Task item: Beginning with the opening line, restate the following material exactly, up through the line that contains "Sweet sea buckthorn coloring book for kids".

Material to process:
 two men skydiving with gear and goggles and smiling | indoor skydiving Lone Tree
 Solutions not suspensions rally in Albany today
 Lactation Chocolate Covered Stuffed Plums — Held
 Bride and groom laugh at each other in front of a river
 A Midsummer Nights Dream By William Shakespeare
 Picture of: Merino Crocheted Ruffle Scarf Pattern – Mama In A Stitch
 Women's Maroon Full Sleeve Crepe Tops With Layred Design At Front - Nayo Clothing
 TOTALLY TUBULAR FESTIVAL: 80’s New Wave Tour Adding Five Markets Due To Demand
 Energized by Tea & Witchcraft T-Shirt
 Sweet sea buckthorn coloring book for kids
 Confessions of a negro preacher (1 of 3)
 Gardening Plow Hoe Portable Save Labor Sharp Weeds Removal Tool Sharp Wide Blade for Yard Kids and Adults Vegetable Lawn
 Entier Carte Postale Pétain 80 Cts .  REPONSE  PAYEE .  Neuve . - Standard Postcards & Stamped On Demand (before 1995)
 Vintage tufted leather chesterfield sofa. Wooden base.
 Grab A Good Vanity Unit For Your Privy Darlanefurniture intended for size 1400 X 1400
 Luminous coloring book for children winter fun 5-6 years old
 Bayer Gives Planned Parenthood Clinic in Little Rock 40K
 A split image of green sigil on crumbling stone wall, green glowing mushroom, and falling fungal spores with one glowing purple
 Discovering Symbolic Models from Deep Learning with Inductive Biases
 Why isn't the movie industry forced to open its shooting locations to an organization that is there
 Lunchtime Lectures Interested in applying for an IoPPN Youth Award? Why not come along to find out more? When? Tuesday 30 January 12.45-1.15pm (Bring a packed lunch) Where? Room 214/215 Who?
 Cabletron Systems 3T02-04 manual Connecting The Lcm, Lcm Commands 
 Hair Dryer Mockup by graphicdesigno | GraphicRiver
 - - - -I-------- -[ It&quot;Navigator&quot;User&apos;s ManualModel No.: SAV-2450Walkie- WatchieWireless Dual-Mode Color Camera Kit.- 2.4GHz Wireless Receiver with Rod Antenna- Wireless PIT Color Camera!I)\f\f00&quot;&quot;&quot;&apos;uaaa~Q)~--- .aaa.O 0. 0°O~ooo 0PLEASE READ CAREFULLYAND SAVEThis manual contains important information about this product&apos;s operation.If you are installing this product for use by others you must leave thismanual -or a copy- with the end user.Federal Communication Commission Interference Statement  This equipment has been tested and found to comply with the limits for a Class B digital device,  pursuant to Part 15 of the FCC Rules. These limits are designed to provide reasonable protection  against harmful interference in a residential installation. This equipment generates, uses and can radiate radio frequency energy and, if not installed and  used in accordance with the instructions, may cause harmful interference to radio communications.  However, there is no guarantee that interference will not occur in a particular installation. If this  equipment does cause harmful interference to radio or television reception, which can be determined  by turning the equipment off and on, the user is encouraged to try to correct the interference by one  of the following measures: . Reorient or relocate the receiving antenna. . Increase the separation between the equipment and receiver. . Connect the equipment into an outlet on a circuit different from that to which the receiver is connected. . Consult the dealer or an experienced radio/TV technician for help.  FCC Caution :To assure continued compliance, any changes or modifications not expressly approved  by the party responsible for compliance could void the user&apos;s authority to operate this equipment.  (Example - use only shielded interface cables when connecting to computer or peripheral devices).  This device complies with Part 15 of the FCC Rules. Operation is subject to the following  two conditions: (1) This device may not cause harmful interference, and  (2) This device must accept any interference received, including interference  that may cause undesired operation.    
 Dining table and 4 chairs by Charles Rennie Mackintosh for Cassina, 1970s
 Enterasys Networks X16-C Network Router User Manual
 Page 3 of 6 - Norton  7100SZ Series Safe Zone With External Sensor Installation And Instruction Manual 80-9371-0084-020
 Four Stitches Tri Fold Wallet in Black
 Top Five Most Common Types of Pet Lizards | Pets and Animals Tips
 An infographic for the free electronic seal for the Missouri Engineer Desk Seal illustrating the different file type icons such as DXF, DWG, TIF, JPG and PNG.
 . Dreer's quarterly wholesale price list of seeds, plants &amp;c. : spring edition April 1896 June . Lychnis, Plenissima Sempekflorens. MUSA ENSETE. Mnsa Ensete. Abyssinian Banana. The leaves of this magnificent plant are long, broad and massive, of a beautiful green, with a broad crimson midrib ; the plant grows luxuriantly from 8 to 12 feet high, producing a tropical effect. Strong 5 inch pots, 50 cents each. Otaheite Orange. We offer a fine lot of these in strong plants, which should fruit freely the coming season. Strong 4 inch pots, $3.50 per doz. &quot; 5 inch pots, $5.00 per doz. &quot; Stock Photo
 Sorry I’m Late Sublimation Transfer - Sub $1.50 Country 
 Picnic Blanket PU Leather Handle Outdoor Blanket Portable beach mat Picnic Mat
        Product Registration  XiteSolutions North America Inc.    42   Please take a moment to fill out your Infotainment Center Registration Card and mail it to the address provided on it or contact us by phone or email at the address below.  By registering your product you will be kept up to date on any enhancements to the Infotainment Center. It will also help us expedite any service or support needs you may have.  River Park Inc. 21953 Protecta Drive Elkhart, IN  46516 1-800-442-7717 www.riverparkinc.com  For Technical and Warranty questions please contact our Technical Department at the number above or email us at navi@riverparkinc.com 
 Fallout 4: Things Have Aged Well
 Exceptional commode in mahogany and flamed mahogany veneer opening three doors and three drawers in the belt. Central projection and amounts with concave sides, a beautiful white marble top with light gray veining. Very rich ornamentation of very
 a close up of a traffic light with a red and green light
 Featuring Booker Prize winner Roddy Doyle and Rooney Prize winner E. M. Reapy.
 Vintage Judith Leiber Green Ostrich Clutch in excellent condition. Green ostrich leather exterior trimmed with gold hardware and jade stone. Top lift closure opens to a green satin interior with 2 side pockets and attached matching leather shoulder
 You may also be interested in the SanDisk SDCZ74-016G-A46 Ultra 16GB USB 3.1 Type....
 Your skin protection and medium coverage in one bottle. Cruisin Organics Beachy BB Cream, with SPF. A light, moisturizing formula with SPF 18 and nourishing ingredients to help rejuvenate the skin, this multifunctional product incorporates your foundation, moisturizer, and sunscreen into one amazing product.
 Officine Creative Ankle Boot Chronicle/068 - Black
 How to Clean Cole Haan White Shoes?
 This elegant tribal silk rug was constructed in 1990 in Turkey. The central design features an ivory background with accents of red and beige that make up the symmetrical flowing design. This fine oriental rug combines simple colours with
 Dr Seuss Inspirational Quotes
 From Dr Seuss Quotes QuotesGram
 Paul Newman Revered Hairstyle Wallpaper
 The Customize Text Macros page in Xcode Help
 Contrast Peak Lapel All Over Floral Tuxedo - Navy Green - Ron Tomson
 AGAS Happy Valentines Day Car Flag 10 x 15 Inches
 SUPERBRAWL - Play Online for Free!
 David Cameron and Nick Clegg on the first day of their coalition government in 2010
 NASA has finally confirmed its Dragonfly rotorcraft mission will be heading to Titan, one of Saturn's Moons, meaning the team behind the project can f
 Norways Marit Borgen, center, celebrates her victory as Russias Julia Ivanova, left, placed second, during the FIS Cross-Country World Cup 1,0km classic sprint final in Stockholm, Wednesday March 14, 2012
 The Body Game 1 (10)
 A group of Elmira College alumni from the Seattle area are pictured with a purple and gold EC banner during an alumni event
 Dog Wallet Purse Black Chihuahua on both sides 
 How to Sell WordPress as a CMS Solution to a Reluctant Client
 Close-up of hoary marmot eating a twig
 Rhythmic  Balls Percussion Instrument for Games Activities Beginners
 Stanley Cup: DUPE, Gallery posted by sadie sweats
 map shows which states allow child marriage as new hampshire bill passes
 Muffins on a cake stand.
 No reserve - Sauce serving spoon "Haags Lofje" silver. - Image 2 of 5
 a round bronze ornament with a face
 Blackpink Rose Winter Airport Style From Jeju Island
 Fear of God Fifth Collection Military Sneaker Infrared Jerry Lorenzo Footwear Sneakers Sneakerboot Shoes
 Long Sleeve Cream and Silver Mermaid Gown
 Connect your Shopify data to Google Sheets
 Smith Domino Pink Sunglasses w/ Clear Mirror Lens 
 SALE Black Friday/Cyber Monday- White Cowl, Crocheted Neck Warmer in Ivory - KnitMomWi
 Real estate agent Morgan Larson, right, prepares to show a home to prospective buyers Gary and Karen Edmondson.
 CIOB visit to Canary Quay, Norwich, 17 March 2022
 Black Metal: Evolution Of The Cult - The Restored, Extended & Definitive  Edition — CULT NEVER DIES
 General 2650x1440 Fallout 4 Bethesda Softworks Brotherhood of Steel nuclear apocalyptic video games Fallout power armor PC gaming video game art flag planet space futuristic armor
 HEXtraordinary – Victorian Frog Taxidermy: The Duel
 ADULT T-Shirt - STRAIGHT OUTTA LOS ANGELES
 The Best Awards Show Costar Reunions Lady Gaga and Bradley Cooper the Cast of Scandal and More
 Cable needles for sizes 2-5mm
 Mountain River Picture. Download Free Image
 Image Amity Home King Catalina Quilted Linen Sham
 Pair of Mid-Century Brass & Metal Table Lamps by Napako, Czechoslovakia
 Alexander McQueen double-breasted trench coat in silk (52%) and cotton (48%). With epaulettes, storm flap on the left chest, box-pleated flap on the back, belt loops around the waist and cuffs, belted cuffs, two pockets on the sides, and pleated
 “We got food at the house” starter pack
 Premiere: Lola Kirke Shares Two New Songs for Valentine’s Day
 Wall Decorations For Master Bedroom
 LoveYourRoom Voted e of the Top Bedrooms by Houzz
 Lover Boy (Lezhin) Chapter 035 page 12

Answer space:
 two men skydiving with gear and goggles and smiling | indoor skydiving Lone Tree
 Solutions not suspensions rally in Albany today
 Lactation Chocolate Covered Stuffed Plums — Held
 Bride and groom laugh at each other in front of a river
 A Midsummer Nights Dream By William Shakespeare
 Picture of: Merino Crocheted Ruffle Scarf Pattern – Mama In A Stitch
 Women's Maroon Full Sleeve Crepe Tops With Layred Design At Front - Nayo Clothing
 TOTALLY TUBULAR FESTIVAL: 80’s New Wave Tour Adding Five Markets Due To Demand
 Energized by Tea & Witchcraft T-Shirt
 Sweet sea buckthorn coloring book for kids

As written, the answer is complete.